TASK GOAL:
Exact repetition of a range: find the line containing "Thee Hence, Satan!'" and the line containing "Versatile Playset: 2" in the material below, then repeat both and all lines between them, leaving pictures out.

── AVAILABLE RECORDS

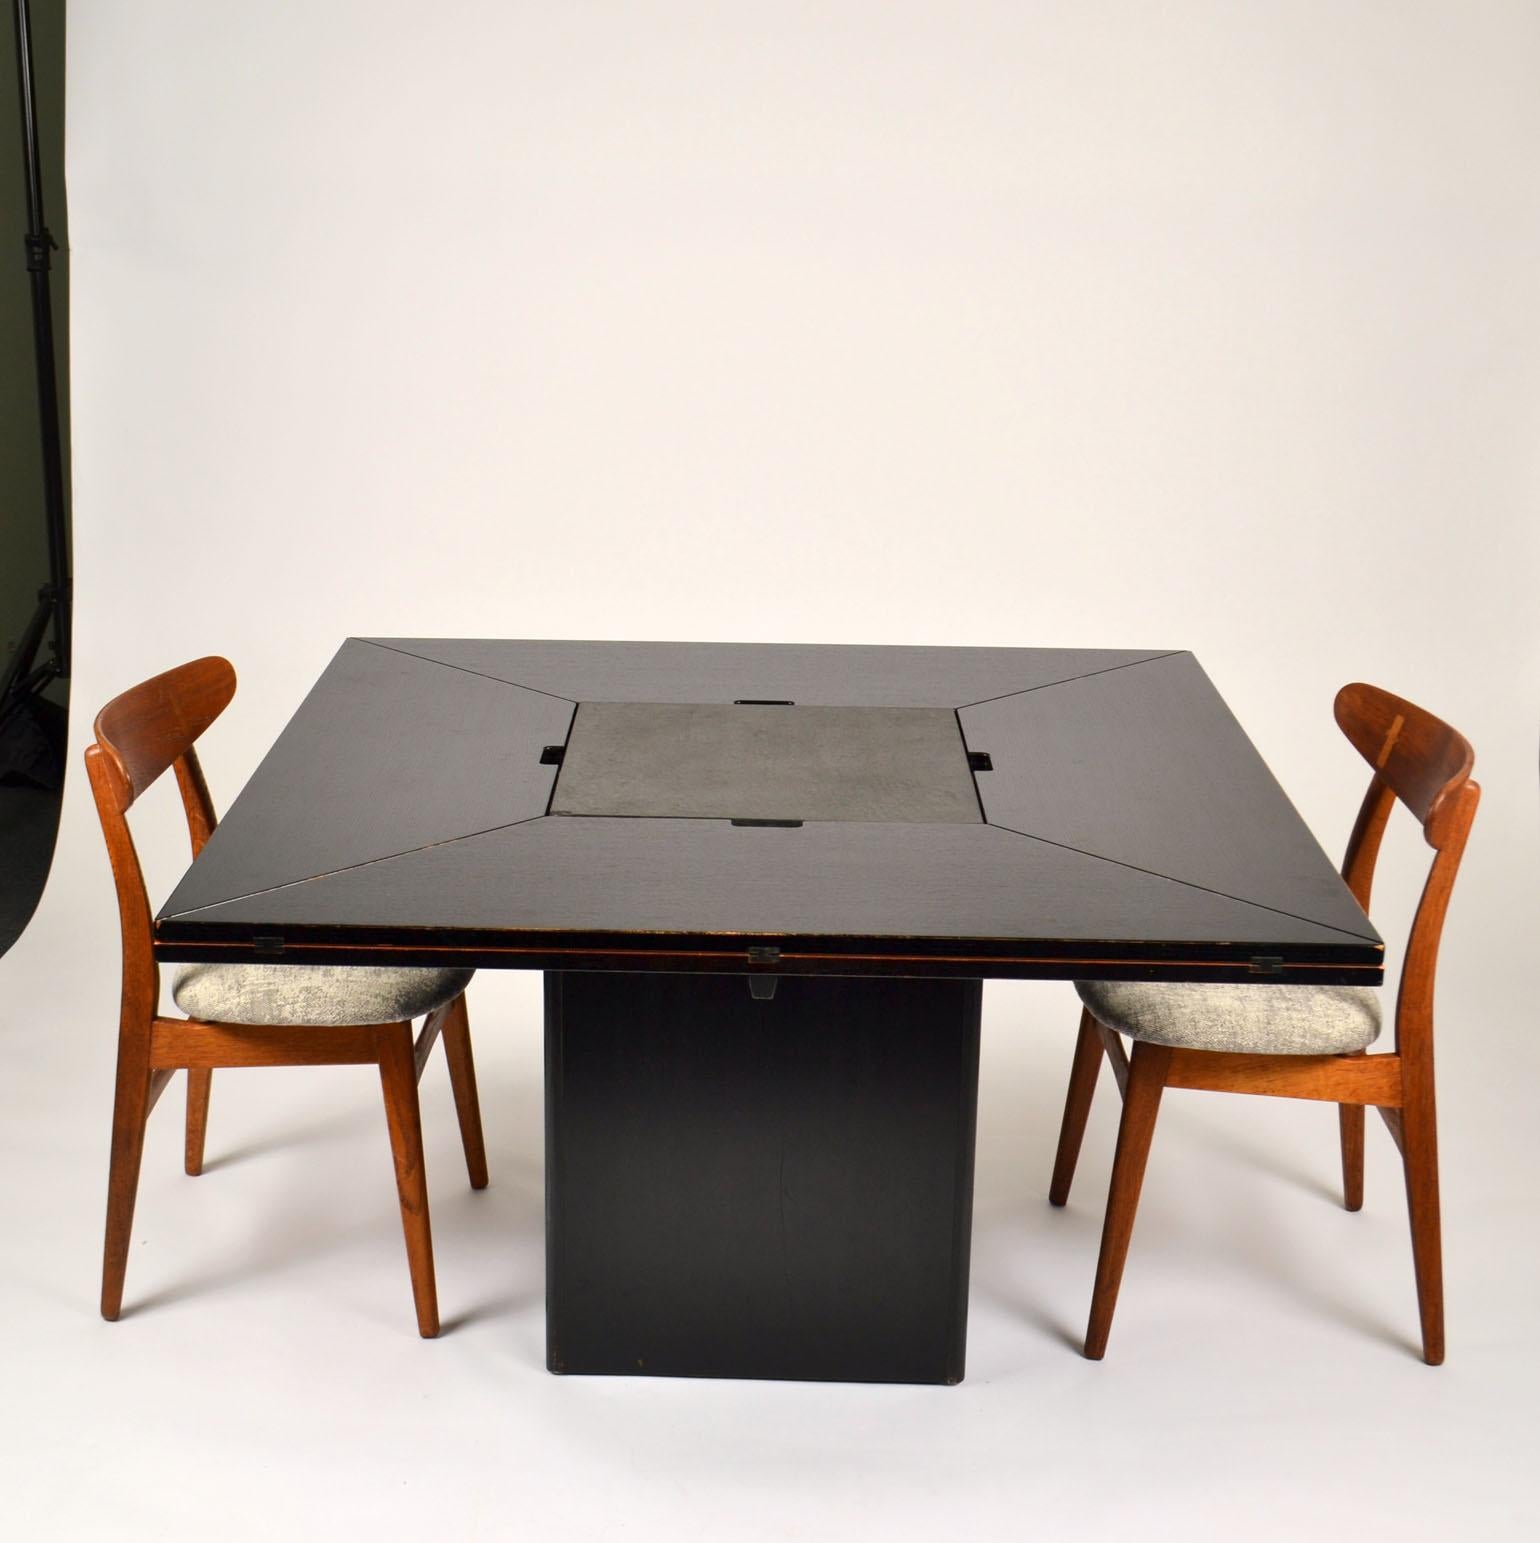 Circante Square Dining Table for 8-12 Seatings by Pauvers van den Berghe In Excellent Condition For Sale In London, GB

────
── AVAILABLE RECORDS

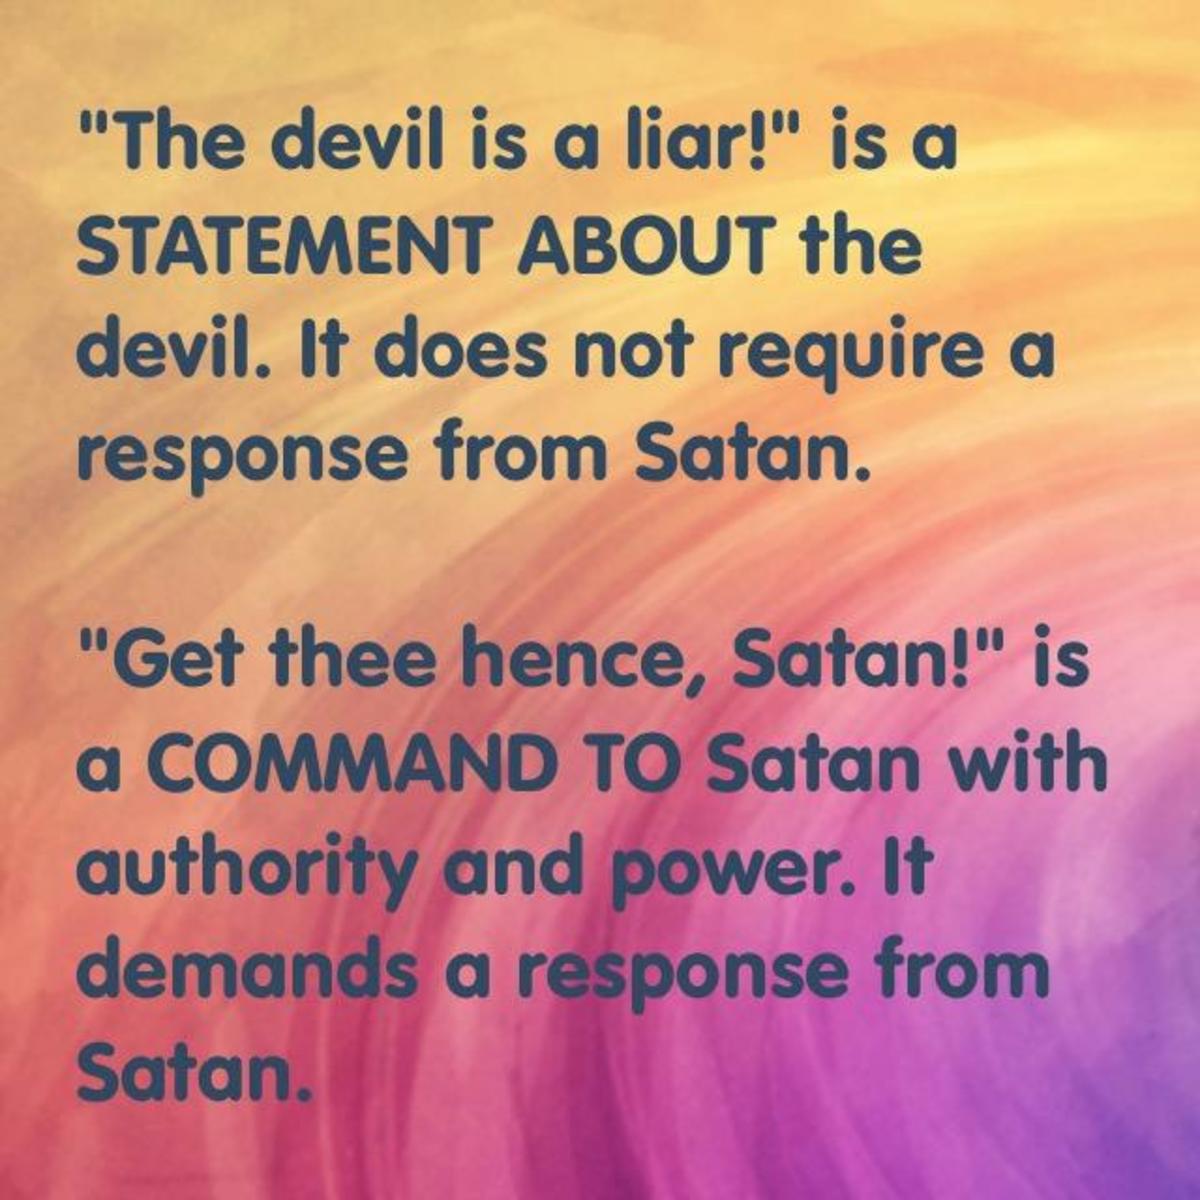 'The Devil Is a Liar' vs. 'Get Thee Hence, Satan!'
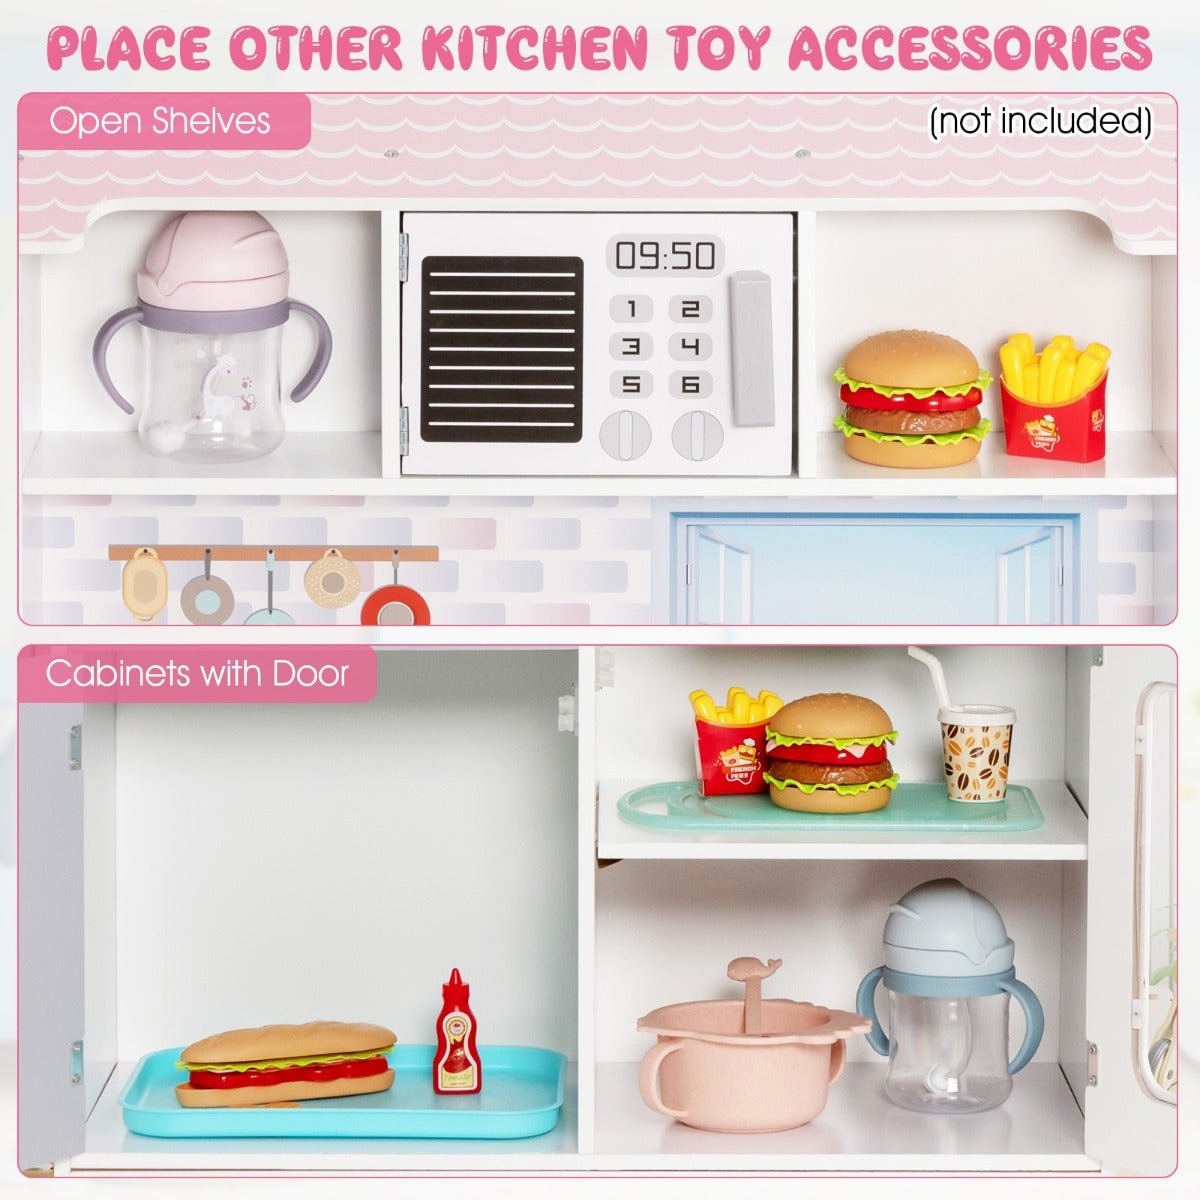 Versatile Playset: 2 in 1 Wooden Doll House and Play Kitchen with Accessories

────

ANSWER:
 'The Devil Is a Liar' vs. 'Get Thee Hence, Satan!'
 Versatile Playset: 2 in 1 Wooden Doll House and Play Kitchen with Accessories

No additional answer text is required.